Raw data
===
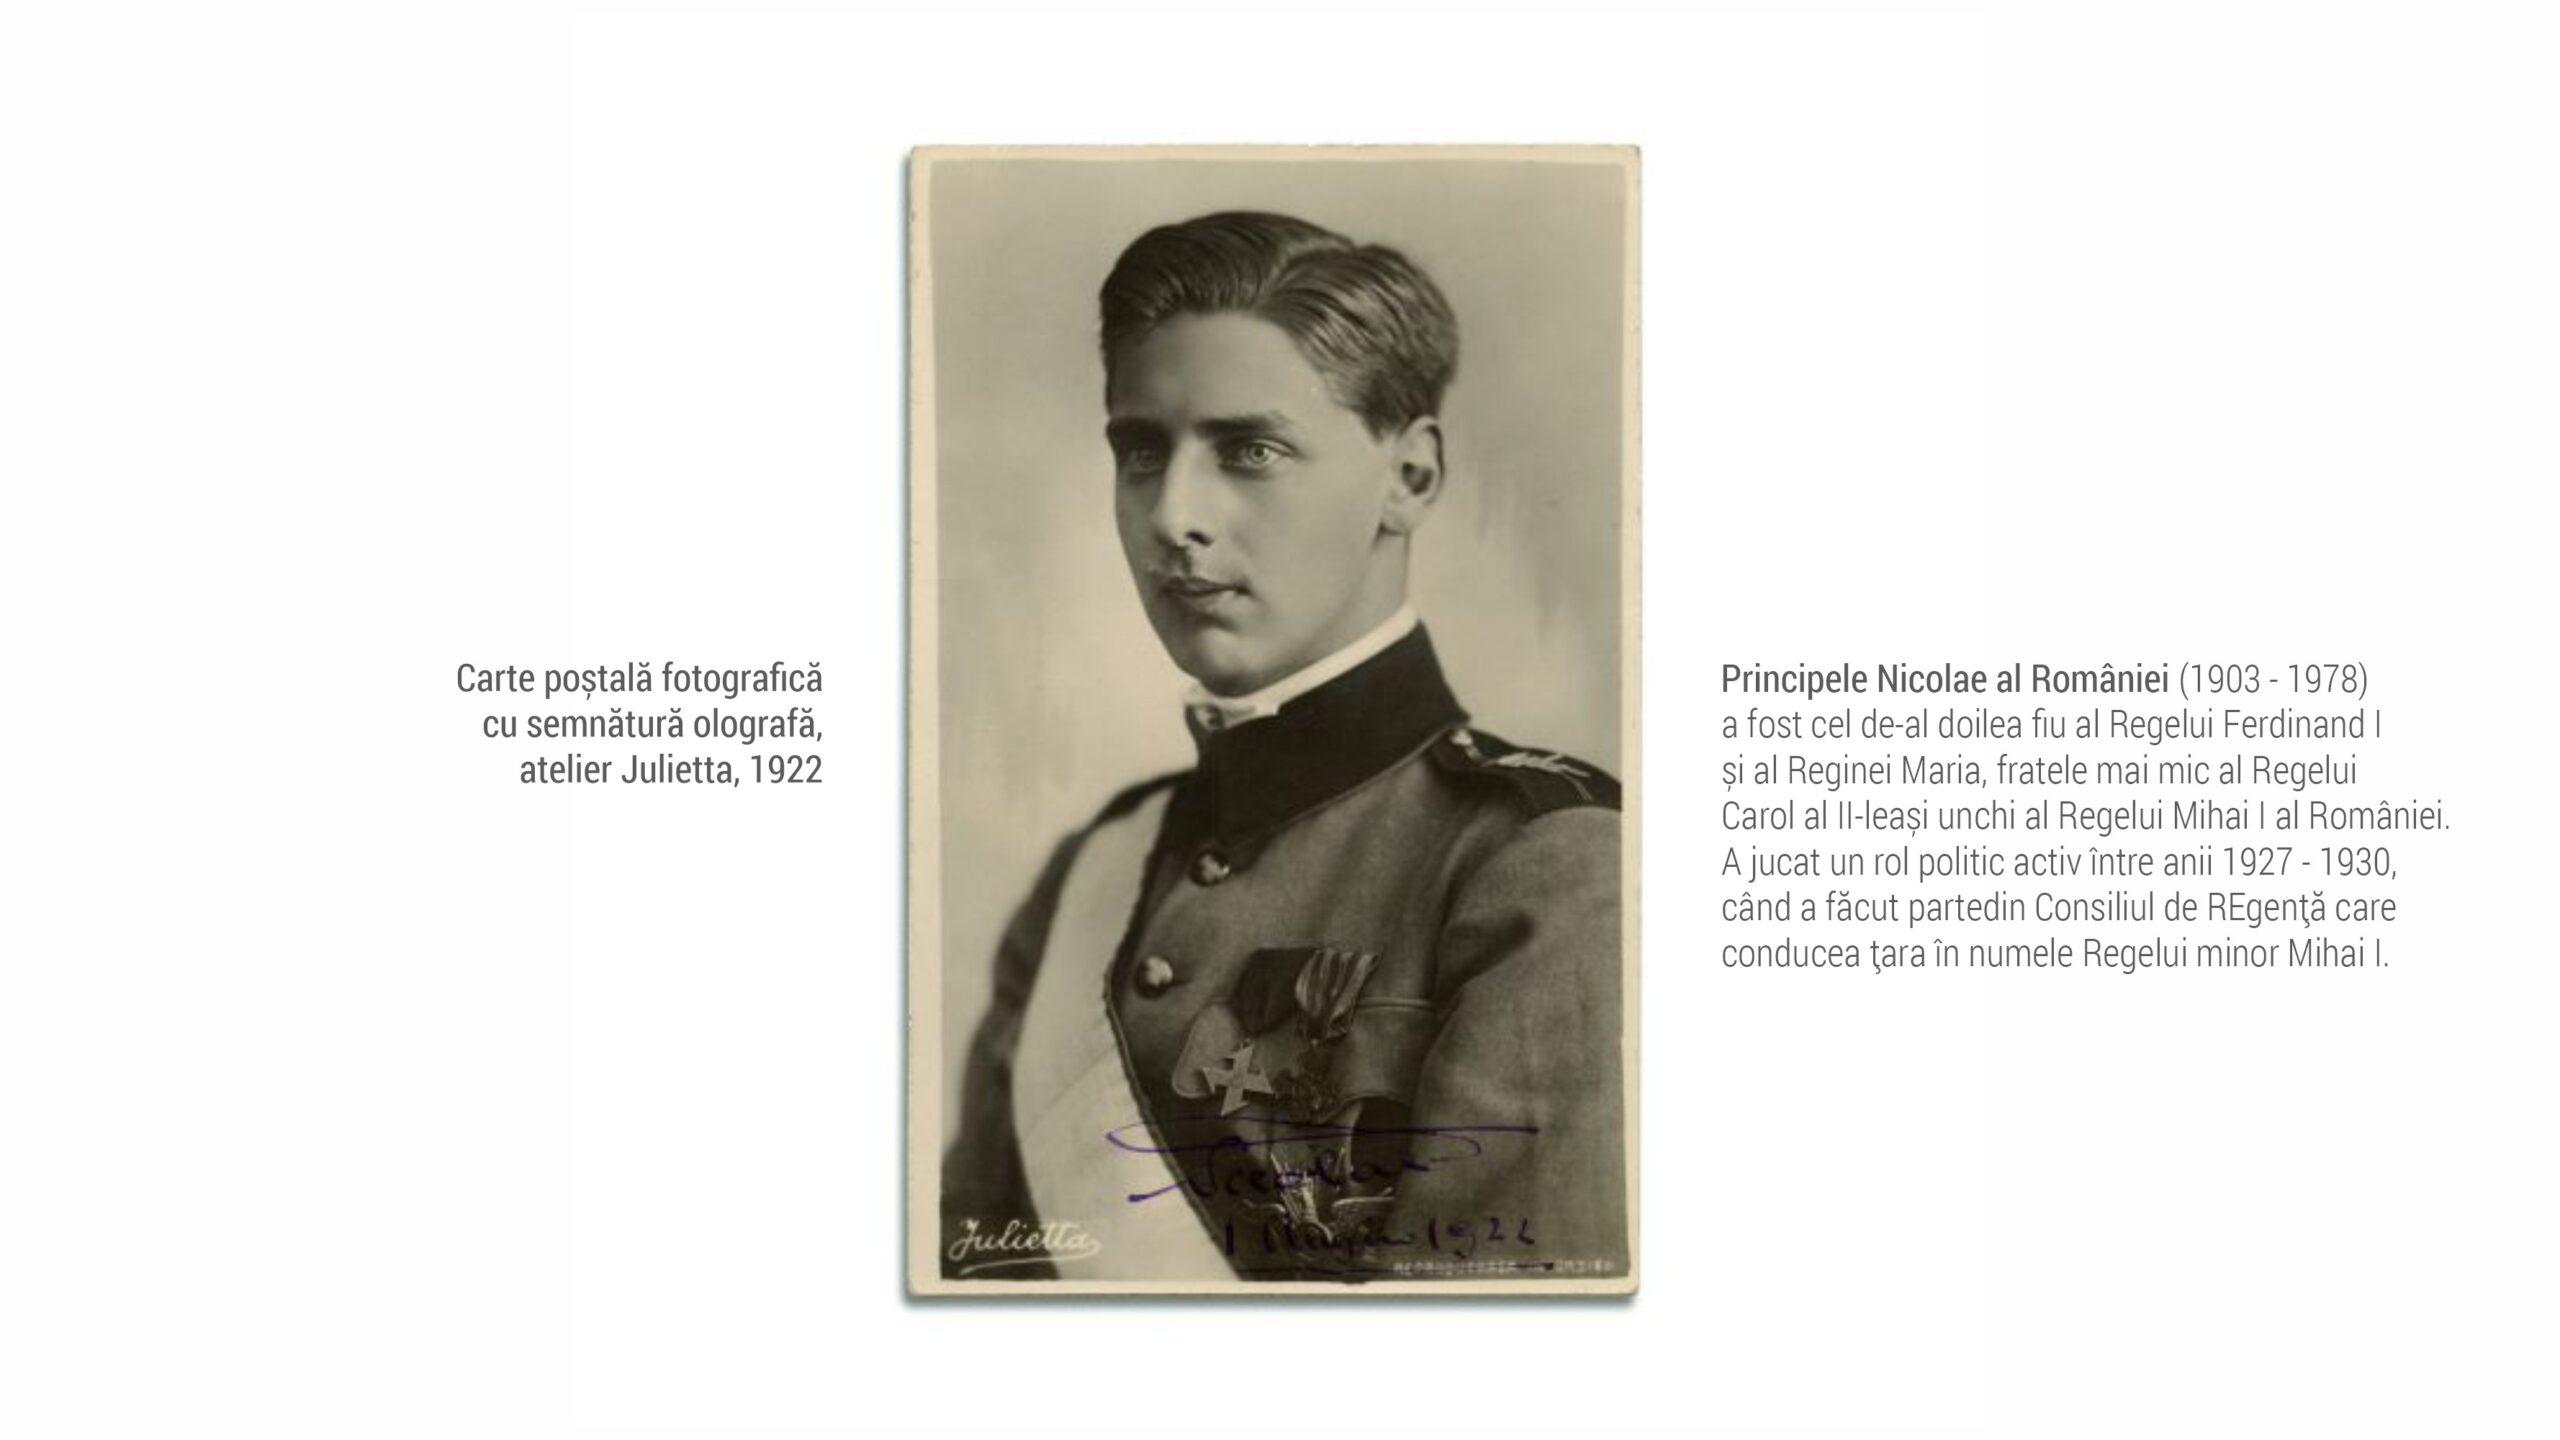 1903 Principele Nicolae - Carte postala fotografica
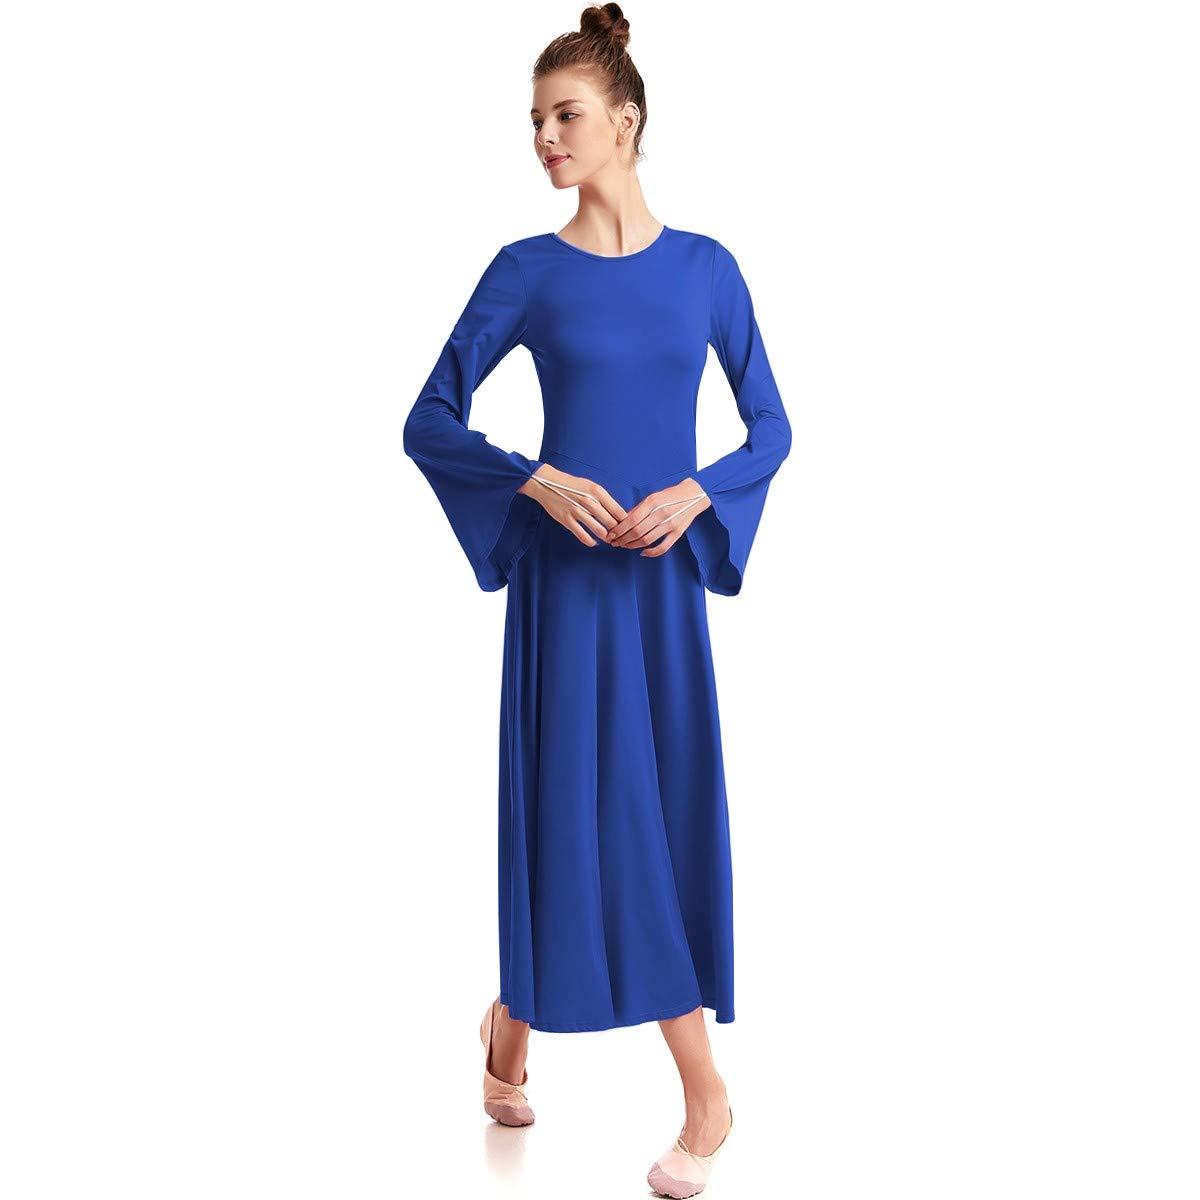 Amazon.com: MYRISAM - Alabado vestido de baile para mujer de ...
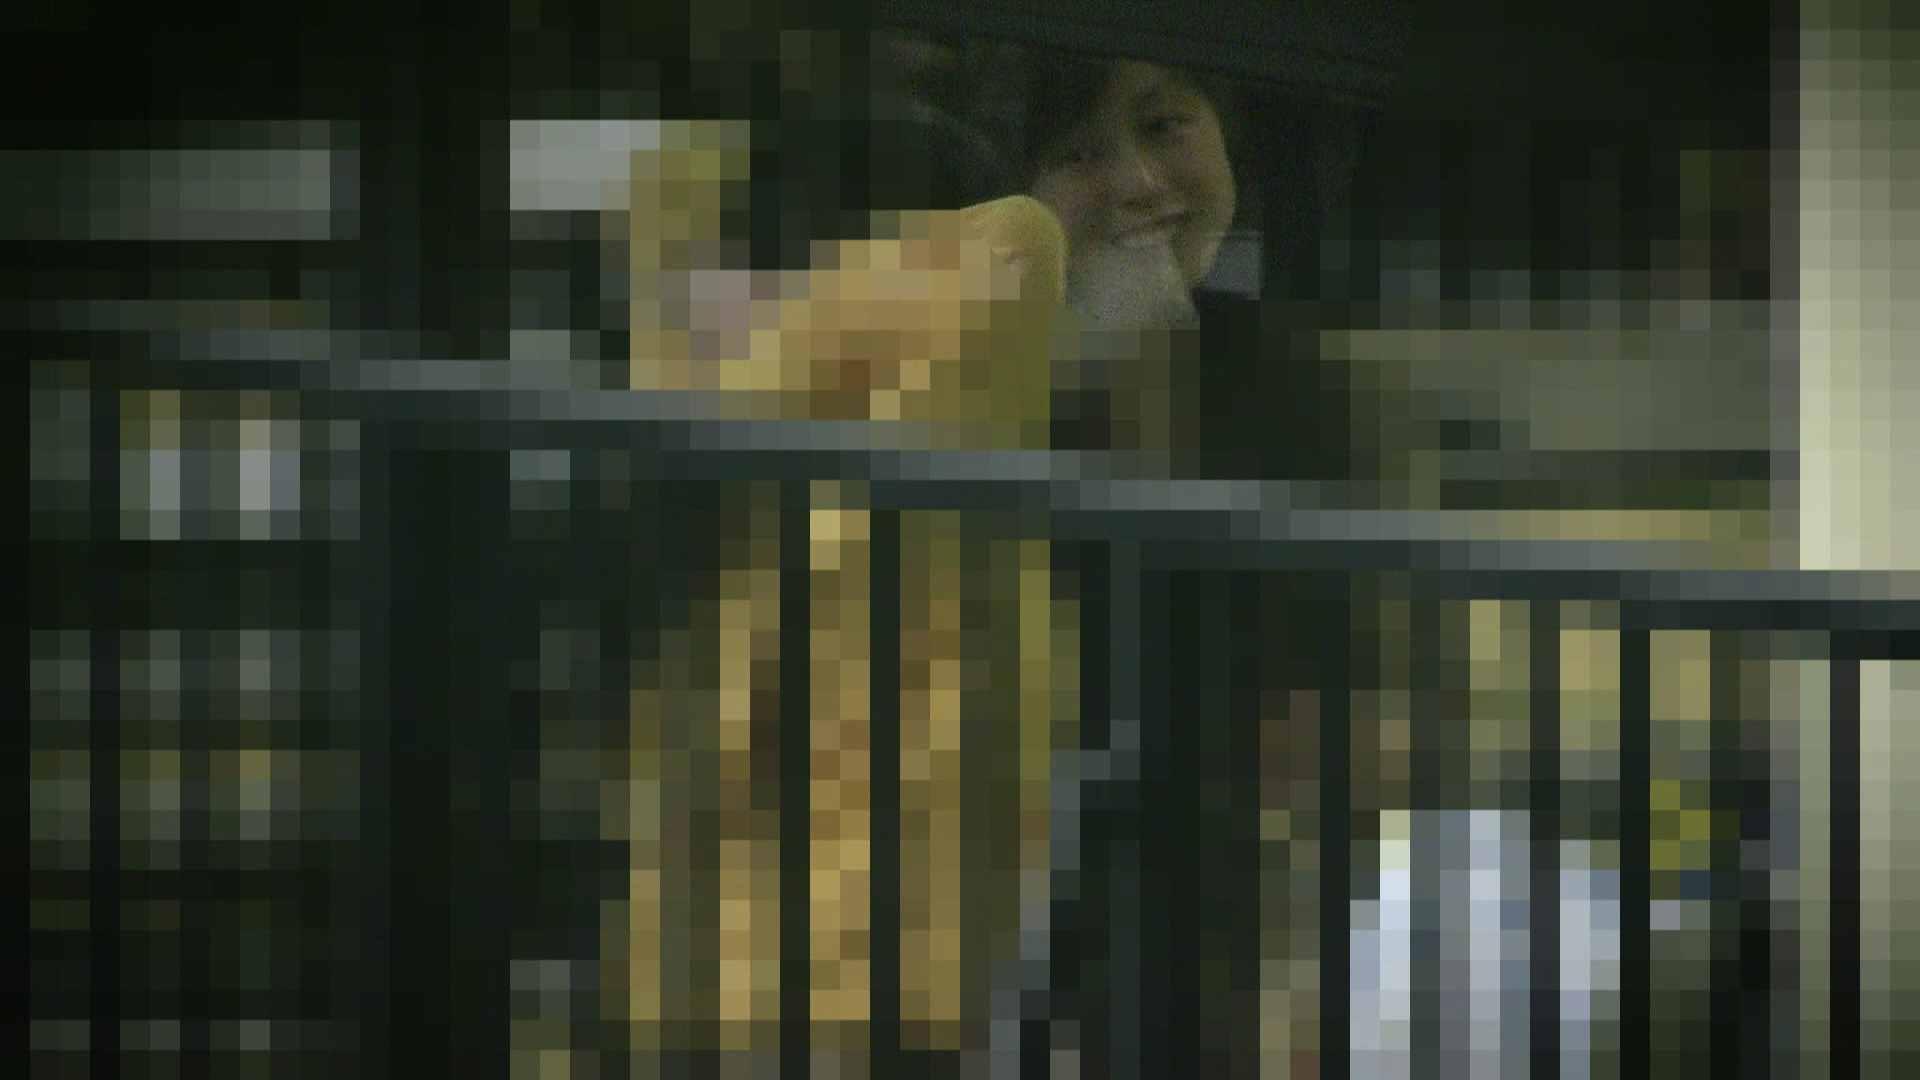 高画質露天女風呂観察 vol.006 女風呂  98PIX 72
===
Exercise details
Pictures are not part of the copy. Please reproduce the material word for word.

Exercise answer
 1903 Principele Nicolae - Carte postala fotografica
 Amazon.com: MYRISAM - Alabado vestido de baile para mujer de ...
 高画質露天女風呂観察 vol.006 女風呂  98PIX 72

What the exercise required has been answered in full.